I'm gonna take a risk and give a suggestion. Resume: I ran the grinder room at the T&D shop where I apprenticed - scary drop in the deep end to be a noob AND the last guy to touch $100,000.00 assemblies. Ran a manual Micromaster, a Chevy (Chevalier) 2/3 auto and a big fully-auto (whose name escapes me, and it's super irritating me!). Too many hours staring at smelly yellow liquid, sparks, and rhythmic grrr..kachunk noises
Your cross-feed/step-over/sweep is more important than it may seem. Plunge depth is not as important (!!Blasphemy!!).
Yes, yes - take a tenth to get a decent finish, but you can actually sweep 0.025" - 0.050" off of a part without blowing the wheel or warping the part if you're judicious with your cross-feed. Those are extreme numbers that I've done - but 0.005" - 0.015" was a normal cut for me on small things - A2 and D2. Even did this on CPM coining dies that had a mile to go. Eats up the wheels, but also eats up the metal.

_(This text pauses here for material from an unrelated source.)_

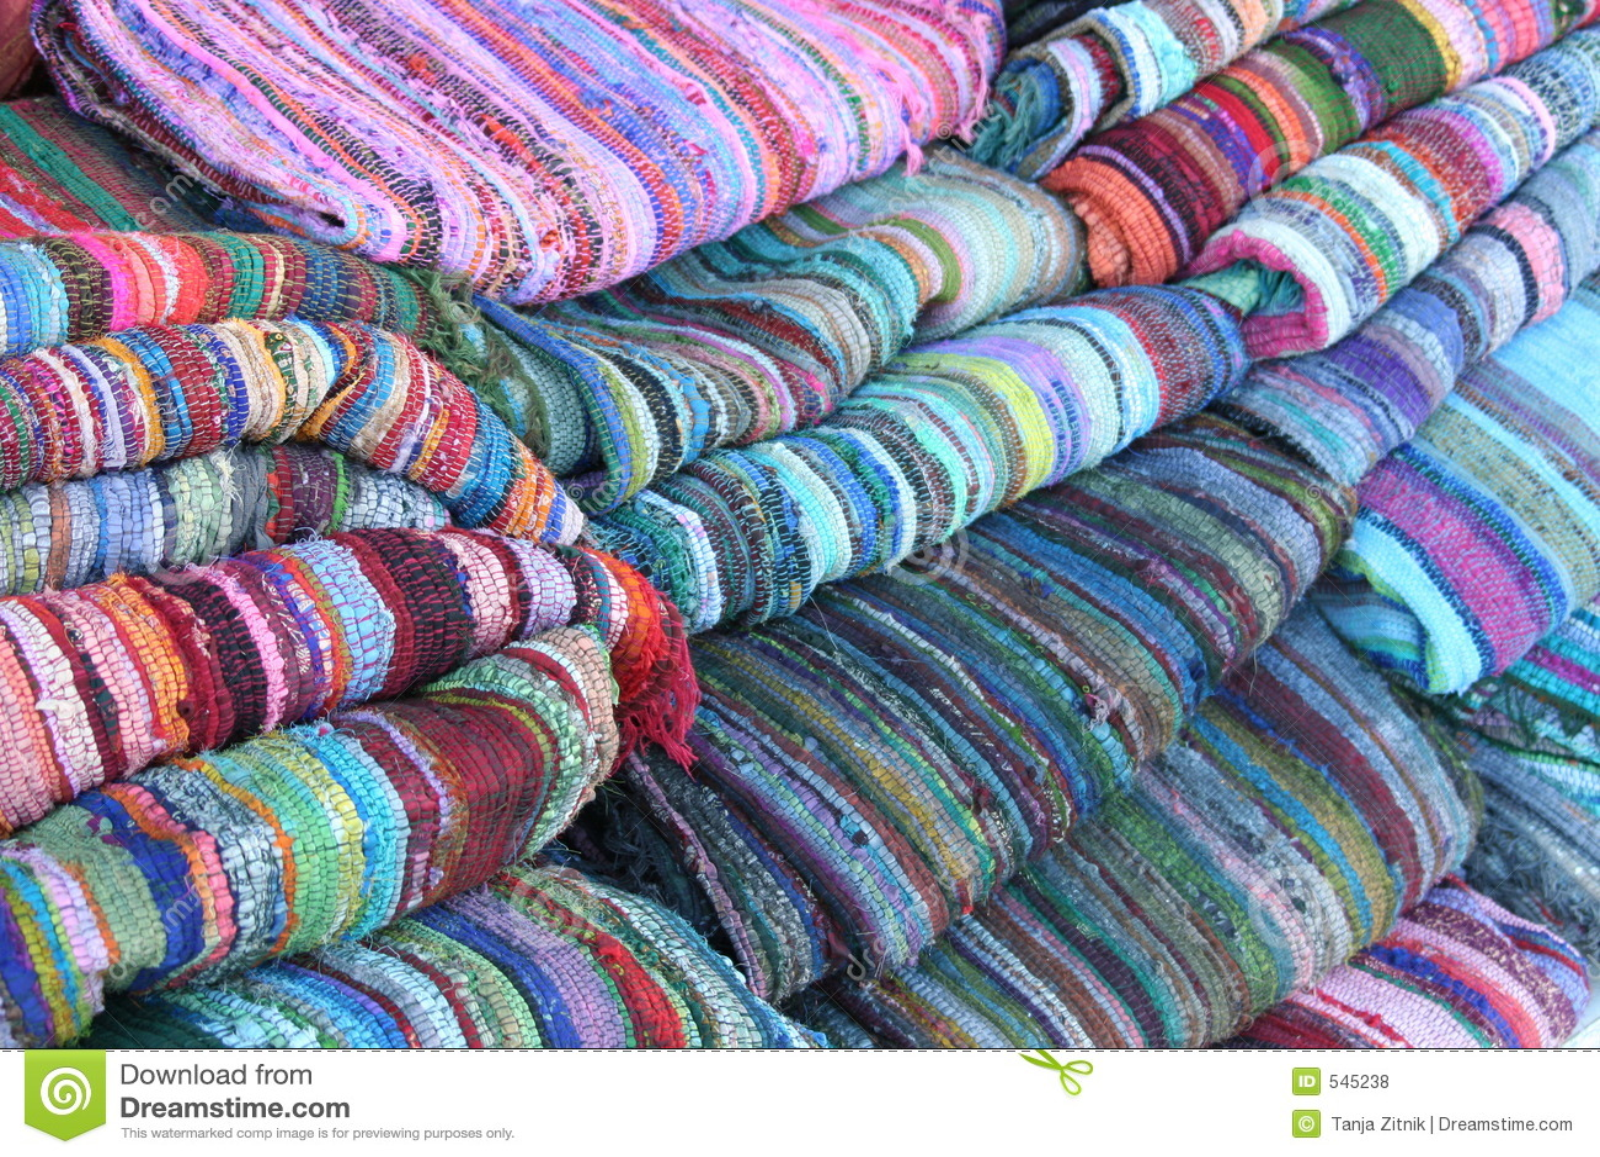 Bunte Teppiche Lizenzfreie Stockfotos  Bild 545238

When you dress the wheel, you make a sharp corner - that is gone in the first spark. Work a bit, and the wheel develops a wedge shape, such that the back portion of the wheel is leaving the finish, but the front is hogging material (a thou is hogging on a grinder). The wedge makes all of this possible.
My point is that you want to take Shaper-like
cuts, rather than rasp-like abrasions. Doing this puts most of the heat loading into the swarf, whereas plunging puts most of the heat into the part.
Spark the part for a 0; drop behind the part whatever depth you choose - 0.0002" for a light touch, 0.005" if you have a long way to go. With the wheel behind the part, begin rocking the table. Feed into the wheel in a face-like operation, giving the LIGHTEST touch on your cross until the wheel understands your intentions. From there, it's your courage and the machine's response that determines what you do. ALWAYS feed against the wheel's direction (but, "always" is a relative term
)
Try to avoid any situation where the wheel feels like it is supposed to drive up onto the part. I preferred these super-porous red wheels for this type of operation. Cannot remember their name, but if you looked at them wrong, they would remove your skin for you. I want to say 60 grit, but I'm probably remembering that wrong. Will need to dress ALOT.
Specific to chuck grinding, it seems mist might work, but I'm more inclined to DROWN that thing - if you could do it under-water, all the better!
Long passes in a plungy-type situation WILL warp the part. It is counter intuitive, but it is far-far-far faster to use the surface grinder as a shaper-like-horizontal-face-mill-thingy, than it is to take 1/2 or whole wheel-width plunges, 0.0001" at a time.
Don't think of it as a grinder - think of it as an "Abrasive, self-sharpening, long-pass Shaper".
I do hope I've not angered anyone with my blasphemous, heretical technique - this method worked REALLY well for me, and I got to the point where I'd run all three grinders simultaneously and move those parts off of my bench. Ate a lot of wheels, but man I could grind fast!
And, I hope it goes without saying that 1. Last pass AFTER the part is COLD and 2. Your shop, your tool, your risk!